You may recall that Brian Kavanagh, after serving for ten years in the State Assembly, in a district that I represented for almost three decades, ran for an open State Senate seat in downtown Manhattan and Brooklyn two years ago. He was elected. But of even greater significance, the State Senate became a Democratic Party majority this year after the 2018 November elections. Senator Kavanagh became chairman of the Senate Housing Committee. That was important because all the New York City tenant protections laws would lapse this year and would need to be debated once again.
For over half a century the State Senate majority was in the hands of the Republican Party almost without interruption and mostly represented by upstate and suburban legislators. For all those years the Senate was commonly referred to as the place where progressive tenant protection and rent regulation reforms went to die. I can personally attest to that.

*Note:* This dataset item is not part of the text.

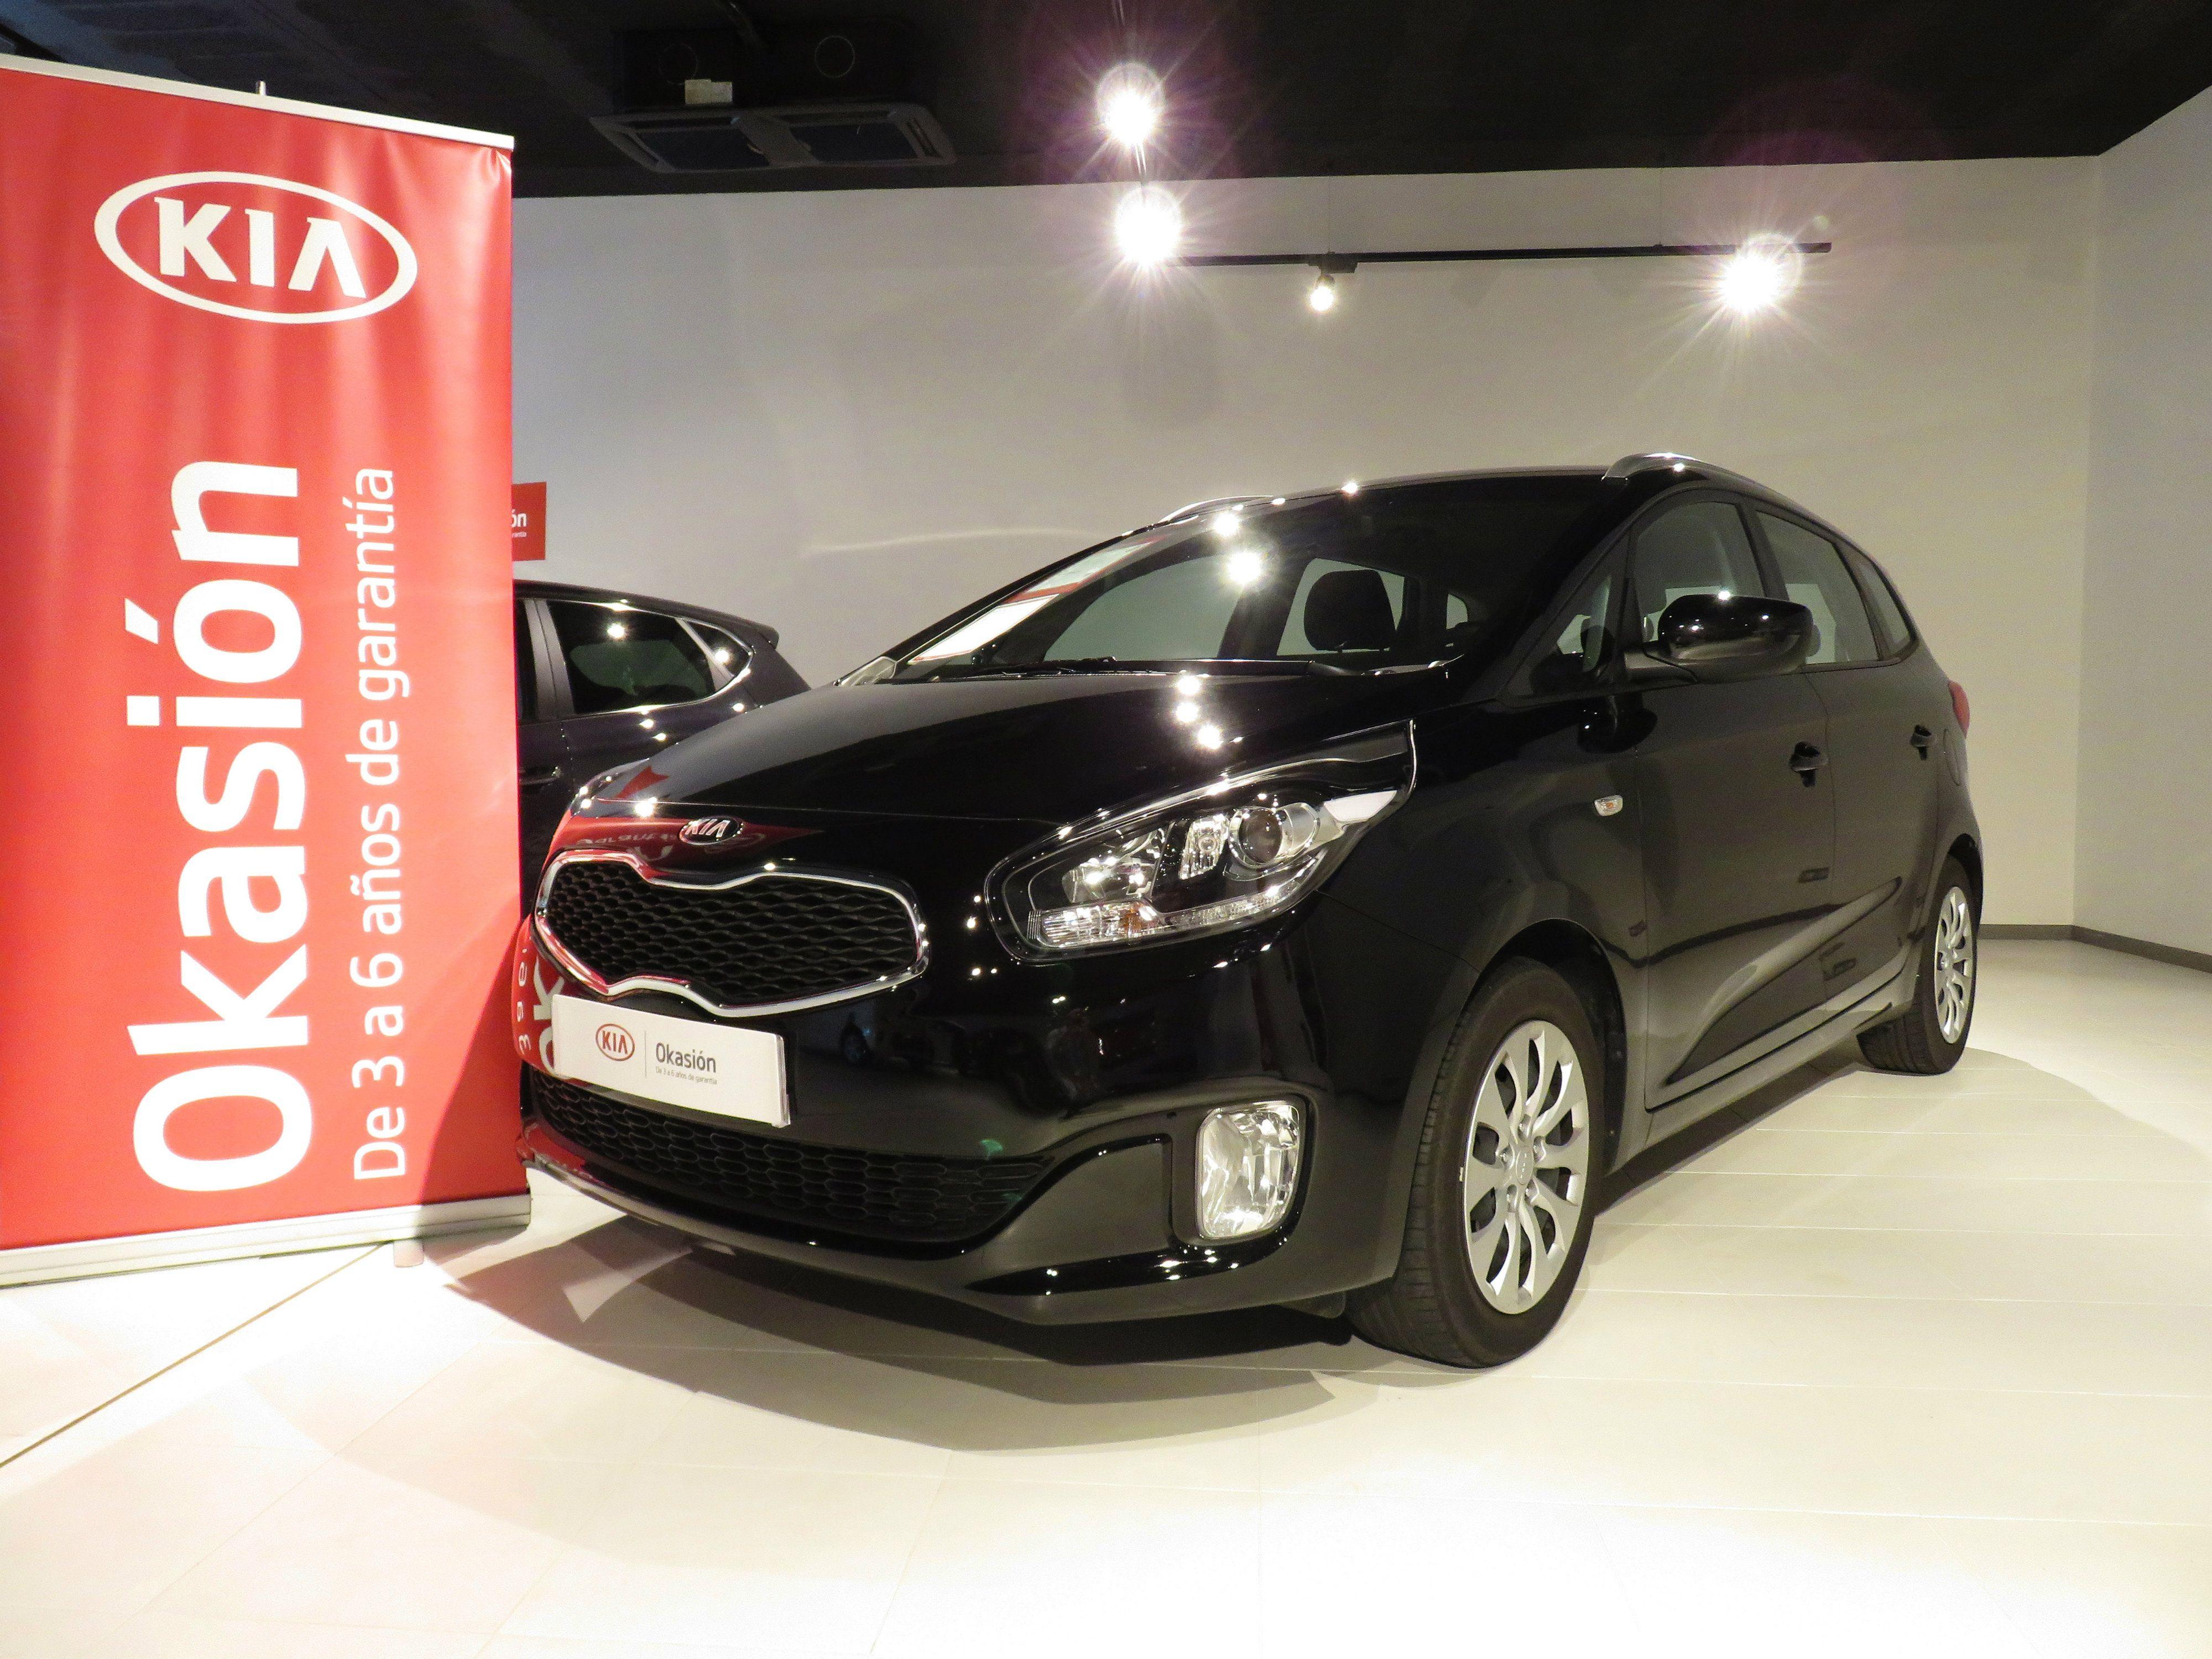 Kia Carens 1.7CRDi Concept 7 plazas por 15.550€*
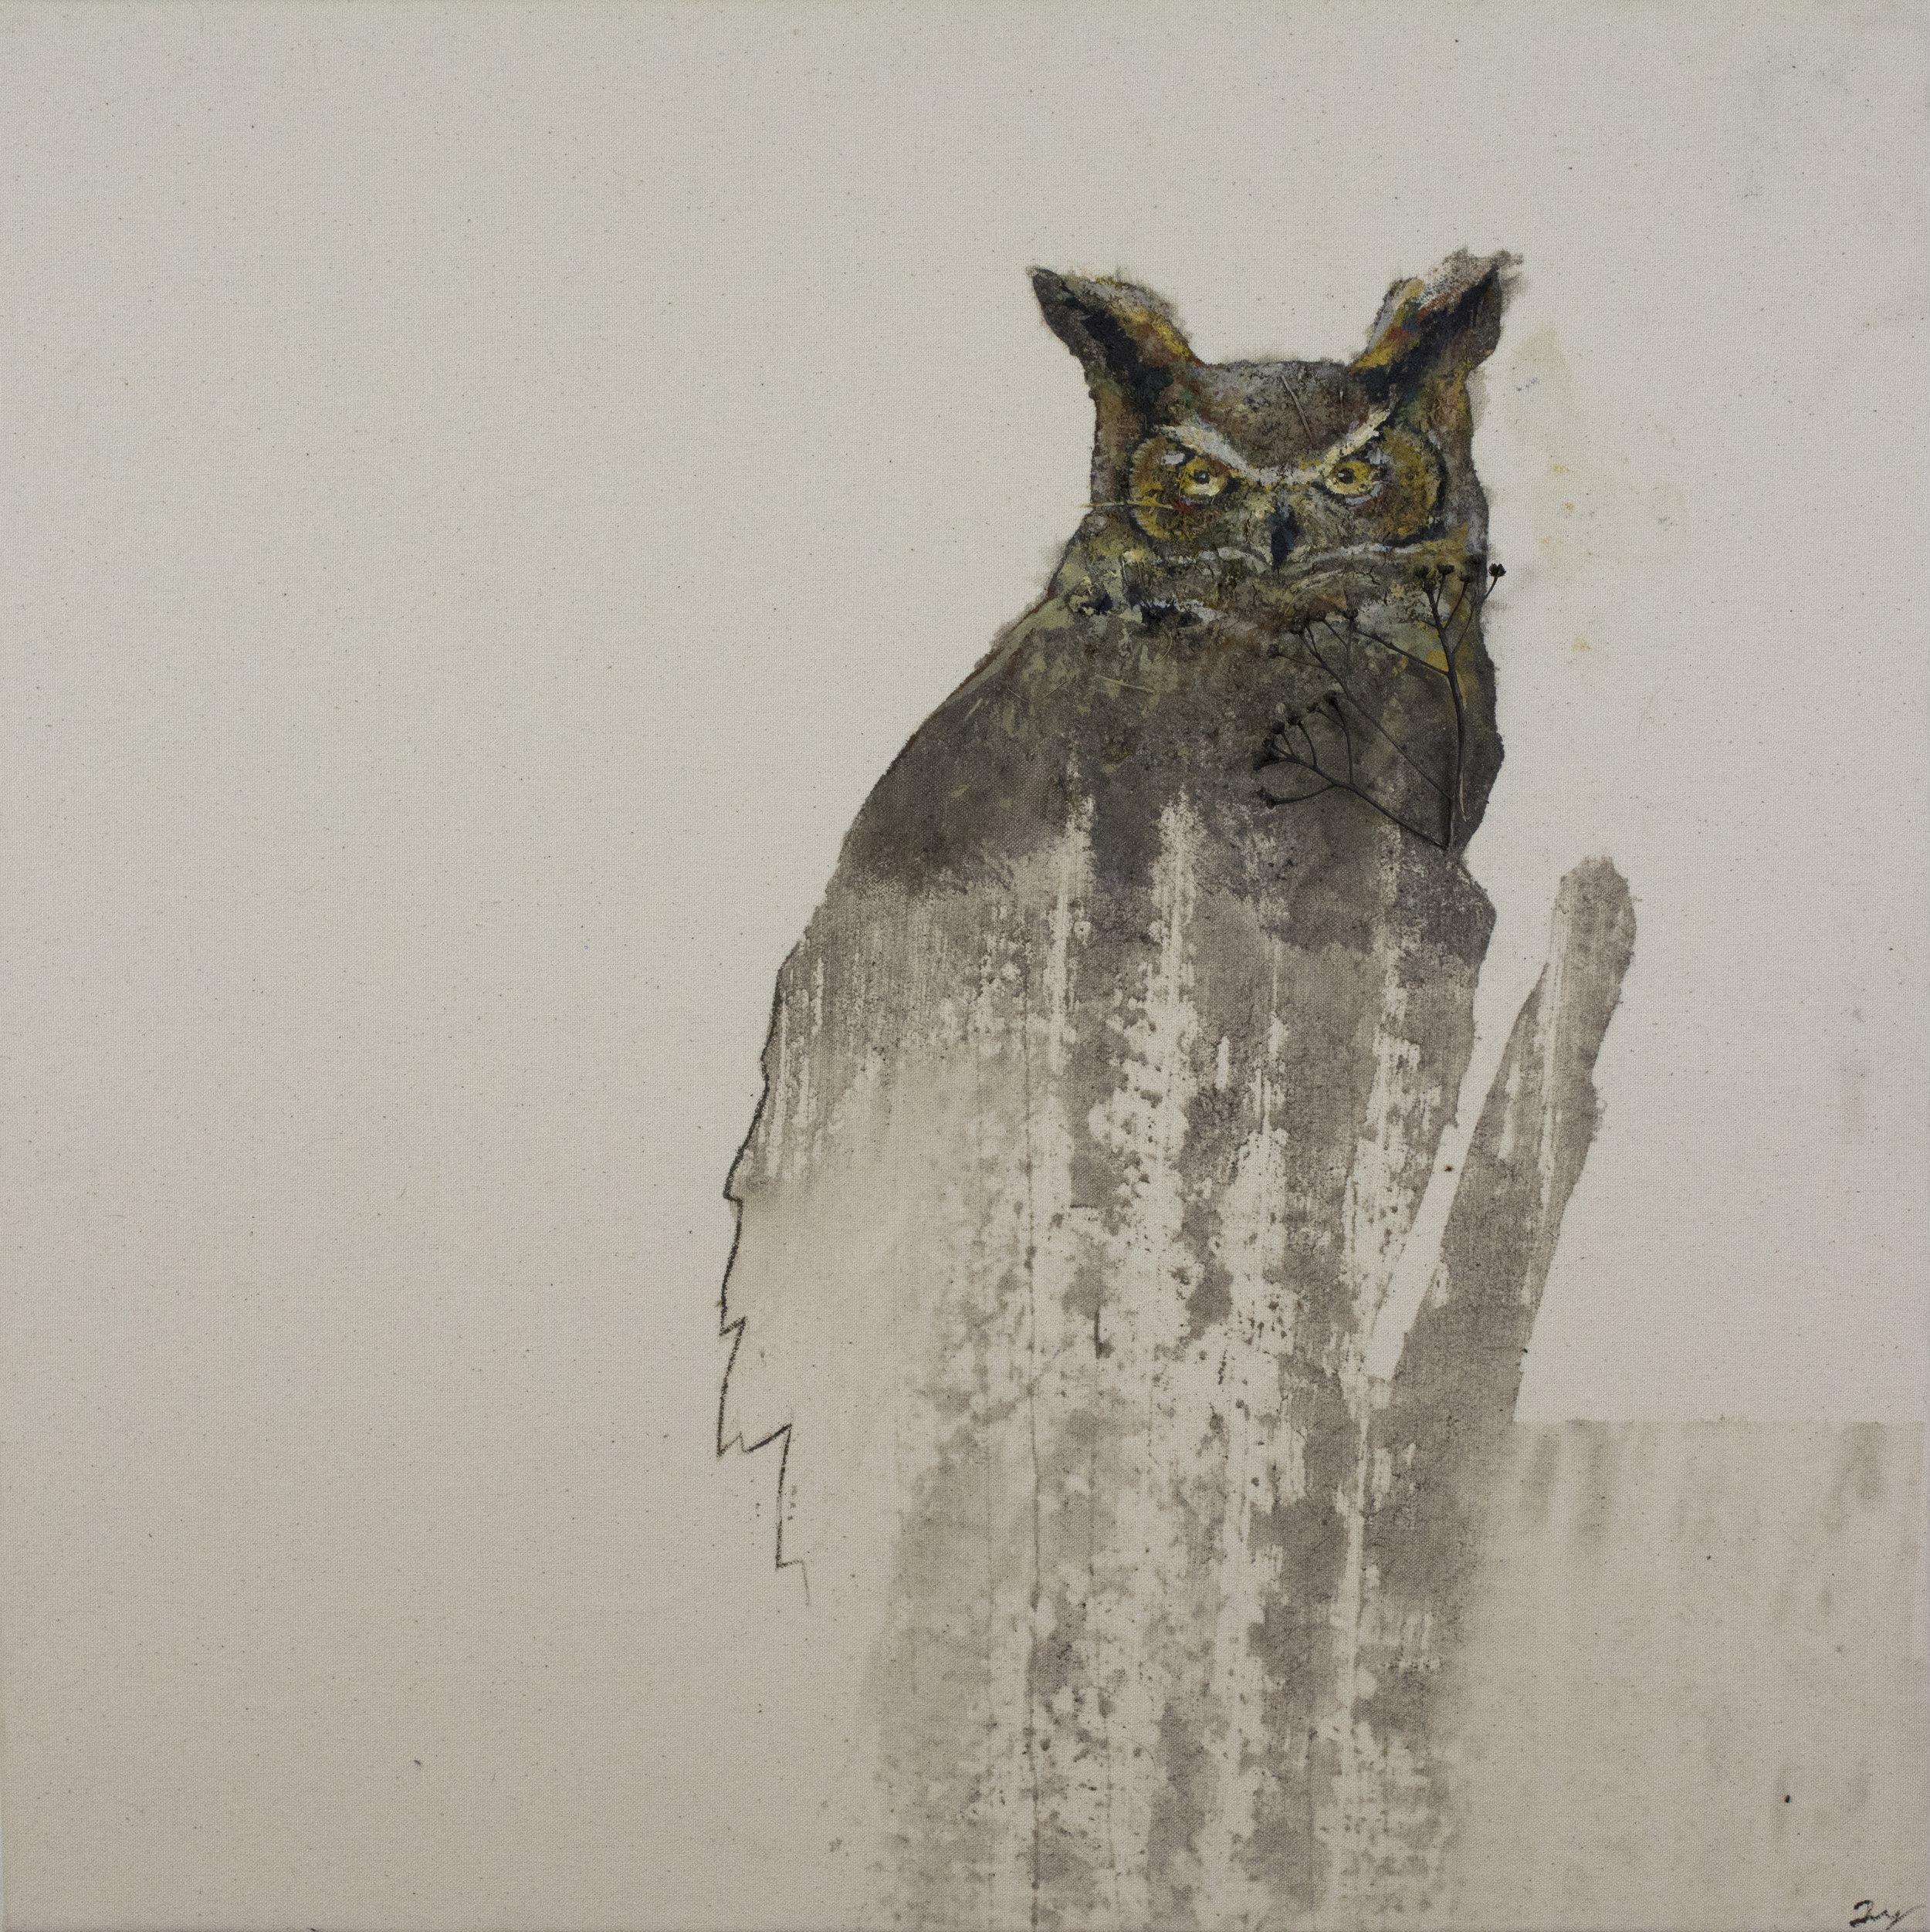 Earth Birds, Great Horned Owl

During my years in the State Assembly, I introduced dozens of affordable housing bills designed to protect tenants from unfair and excessive rent increases and other protections as well. They routinely passed in the Assembly but rarely if ever were even allowed to be voted upon in the State Senate. Did that fact have anything to do with the other fact, which was that Republican senators received millions of dollars in campaign contributions from the real estate industry? Well, nobody can say for certain, but neither do I believe in coincidences like that. My counterpart in the State Senate, Roy Goodman, was frequently rebuffed by his own leadership in trying to advance these bills. In those days, Roy was only one of a couple of other Republican senators who represented large communities of tenants in New York State. So try as he did, he was stymied at every turn.